Now there is a discussion of bringing in girls on another forum. OK, I understand that National hasn't said anything official, sometimes these threads just happen. And I also understand that admitting youth females is not about bringing in more inexperienced adults, but actually it is. Just like dads who like to be part of their sons youth activities experiences, so do mothers with their daughters. Bringing in more female youth will increase the percentage of inexperienced adults. 

 

Anyone who has been working with other units the last 20 years knows that leaders without a scouting and camping experience struggle to put on a scouting and camping experience. I used to work with the adults of those units. But when you see the number of units who struggle with putting on an Aims and Methods program, the over all affect is adventure is down over the whole BSA program.
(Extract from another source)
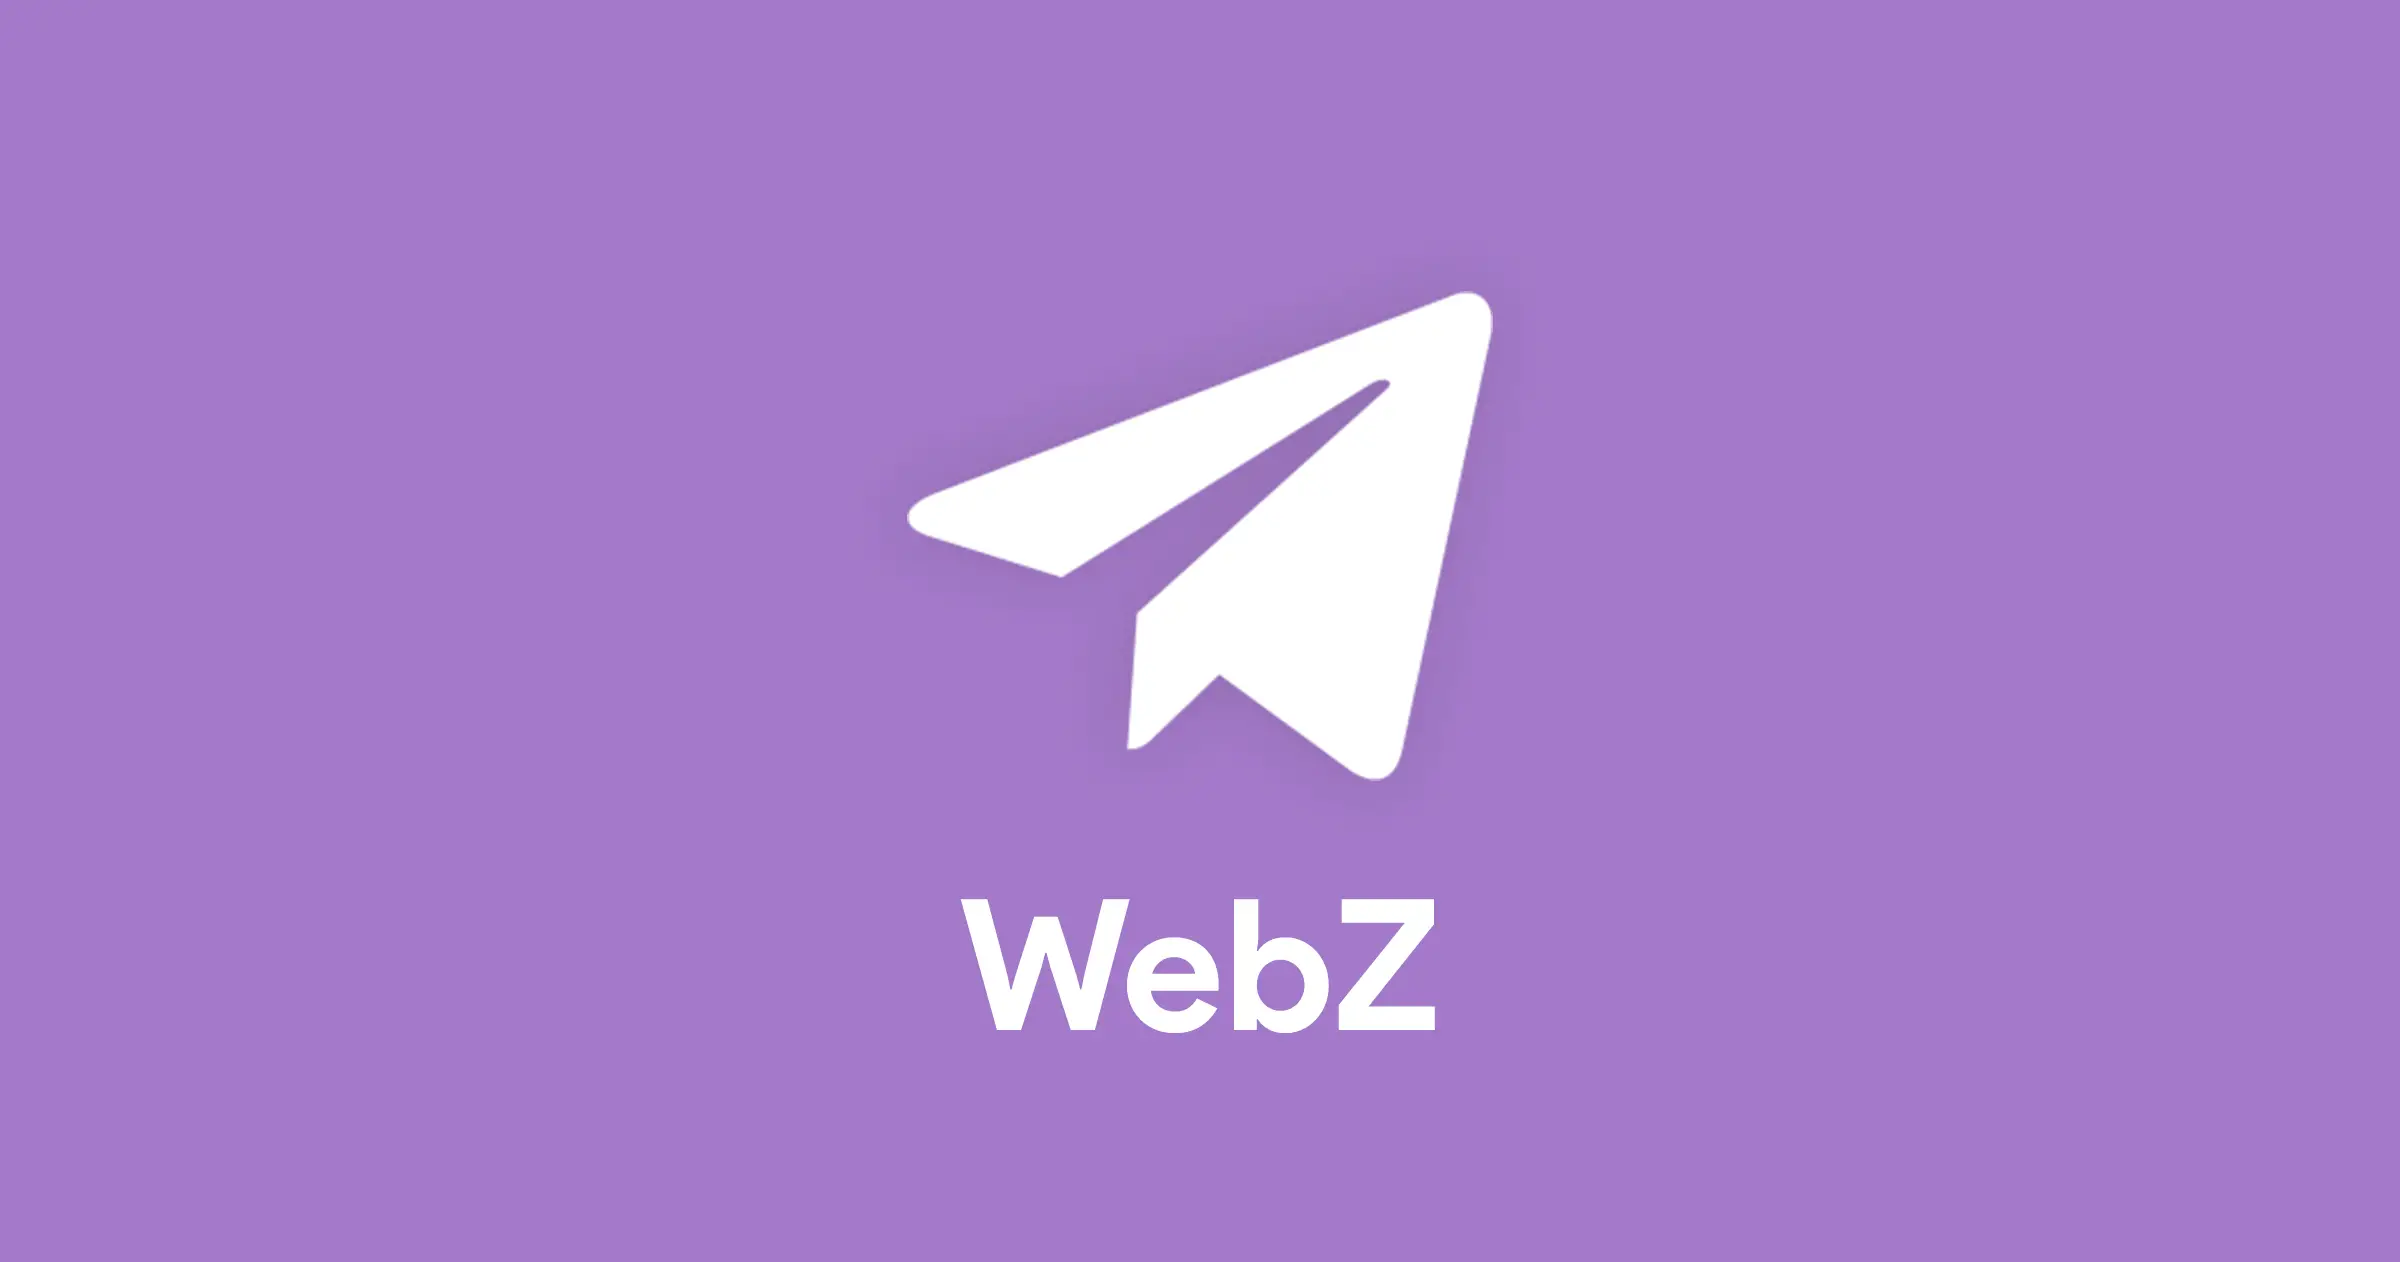 Telegram web application. Телеграм web. Логотип телеграмм. Телеграм веб значок. Маленький значок телеграм.

Our PLC in 2000 scheduled at least two patrol campouts without the troop a year. They could do more if they wanted and they could do it without adults. A troop can't plan a campout without adults today. Big deal? Oh maybe not, but it is symbolic of the trend.

 

I used to teach an "Aims and Methods" course for adults, guess which adults struggled with the idea of patrols camping 300 ft. apart from each, as well as from the adults? Guess which adults struggled with scouts doing hikes without adults, much less 5 miles hikes? I remember adults walking out of the course in frustration because I kept giving them examples of how they could provide such a program even with all their ignorance and fears. True Patrol Method camping is hard to imagine if you haven't seen it.

 

I am not turning this discussion into if girls should be admitted discussion. I'm only saying that National inadvertently drives out adventure with many of their program changes. As we get generation on generation of inexperienced adults taking over units, the expectation of adventure in the unit is being driven lower.  I retired as a scoutmaster about 15 years ago now. The program has changed enough that I would have to change some of how we did things then. And not for the better. Some of our best adventure experiences are in our troop program. But a lot of that started from experiences the adults had as a youth. 

 

I'm not sure how to keep the adventure up for the future troops. I worked with hundreds of adults in teaching them how to do this scouting stuff and many just don't trust it. It's a lot of work getting adults to let their scouts experience adventure just on a campout.